Наступление вечерних сумерек приносило ему облегчение и радость, сравнимые только с чувствами горького пропойцы, дорвавшегося наконец до заветного бочонка крепкой браги. Утихала мучительная головная боль, исчезала противная дрожь в руках, уверенней начинал звучать голос. Теперь, как и четыре года назад, лишь после захода проклятого солнца он обретал способность рассуждать здраво и почти спокойно, как подобает князю.
Да, князю! Ибо этот мальчишка, этот наглый пащенок, который осмелился поднять на бунт против его верховной власти всякое отребье — речных разбойников, смердов, ремесленную голытьбу и безродных дружинников Светозора, — не может быть признан законным властителем Синегорья!
Только он, князь Климога, правил этой необузданной, полудикой страной как подобает — жестко и твердо, осыпая богатыми дарами преданных ему людей и нещадно карая непокорных, в корне изничтожая всякое своемыслие, днем и ночью заботясь об упрочении границ княжества.
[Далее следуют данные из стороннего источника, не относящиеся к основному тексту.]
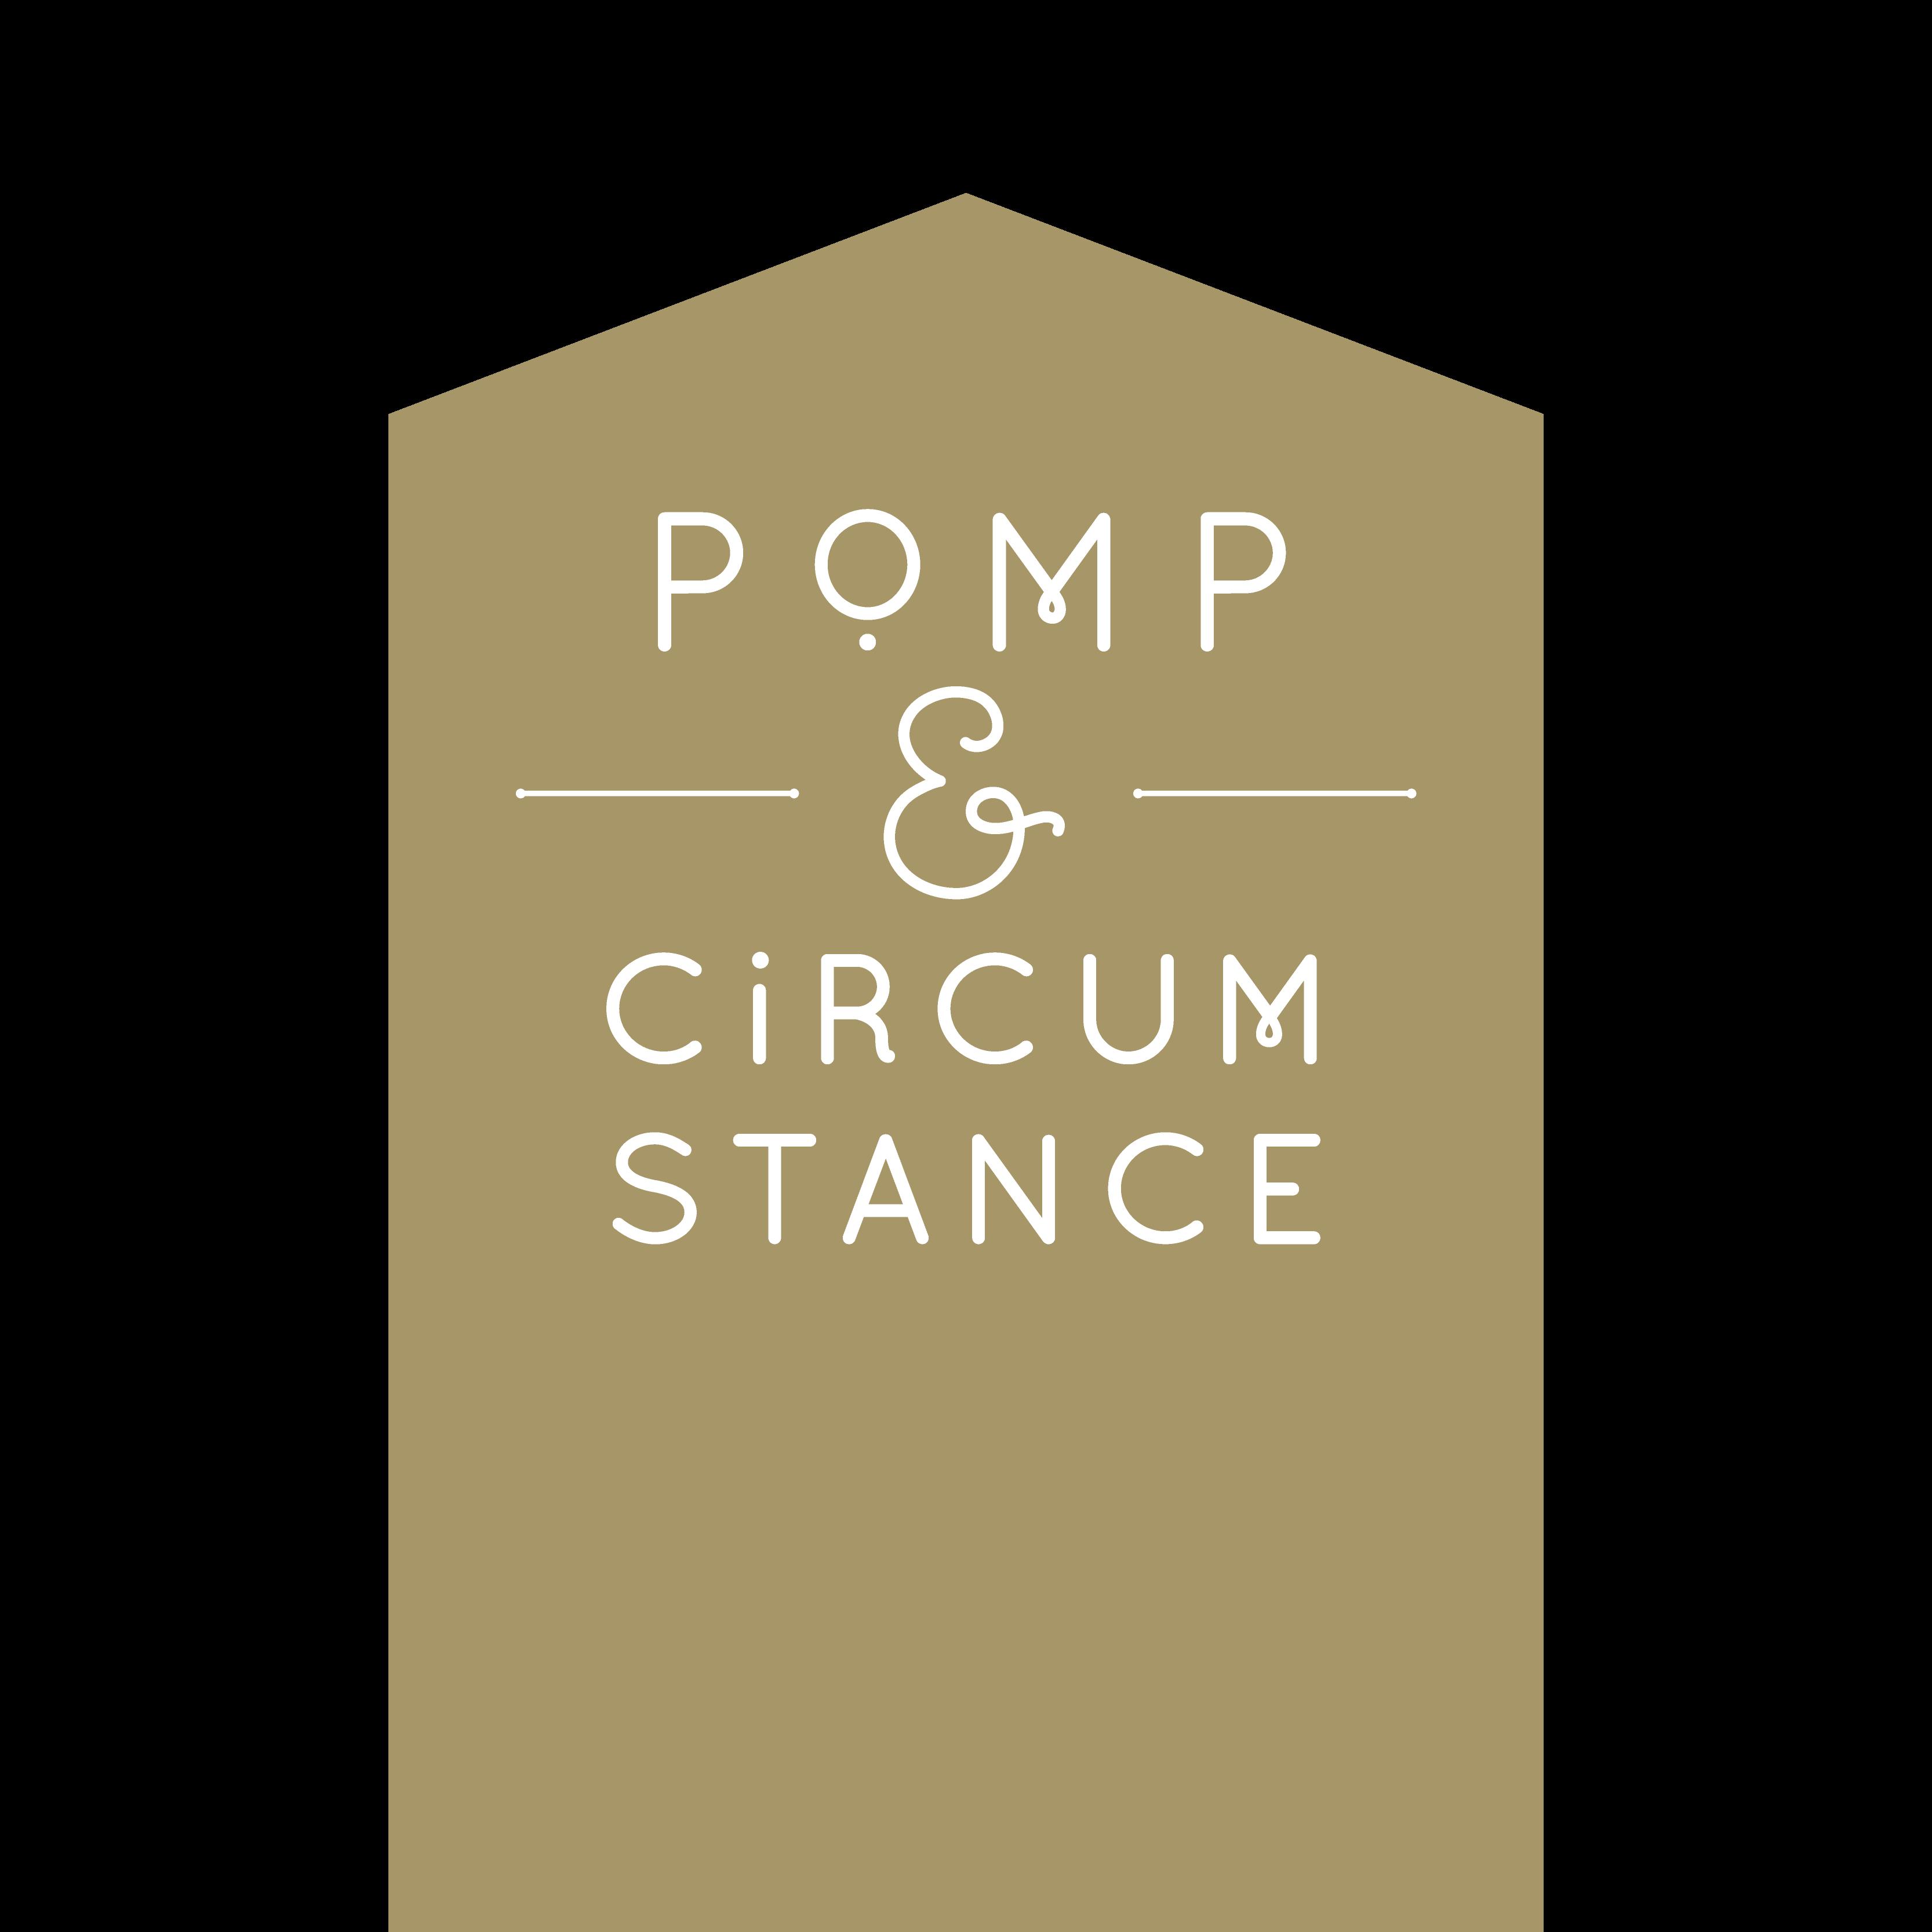 Pomp & Circumstance Events - Pomp & Circumstance Events

Так разве посмеют они судить его? И в чем решатся обвинить? Где найдут доказательства и свидетелей?
Однако в глубине души Климога понимал, что его время кончилось. Безвозвратно ли?..
Юный Владигор всего за десять дней своего правления в Ладоре сумел добиться того, на что ему, всевластному Климоге, и десяти лет не хватило. Жители столицы — и знать, и простолюдины — чуть ли не до небес превозносят нового князя, величают «освободителем» и «спасителем возлюбленной вотчины». А того, перед кем недавно трепетали, при каждой встрече трусливо отводя взоры, готовы теперь растерзать и останки бросить на съедение бездомным псам.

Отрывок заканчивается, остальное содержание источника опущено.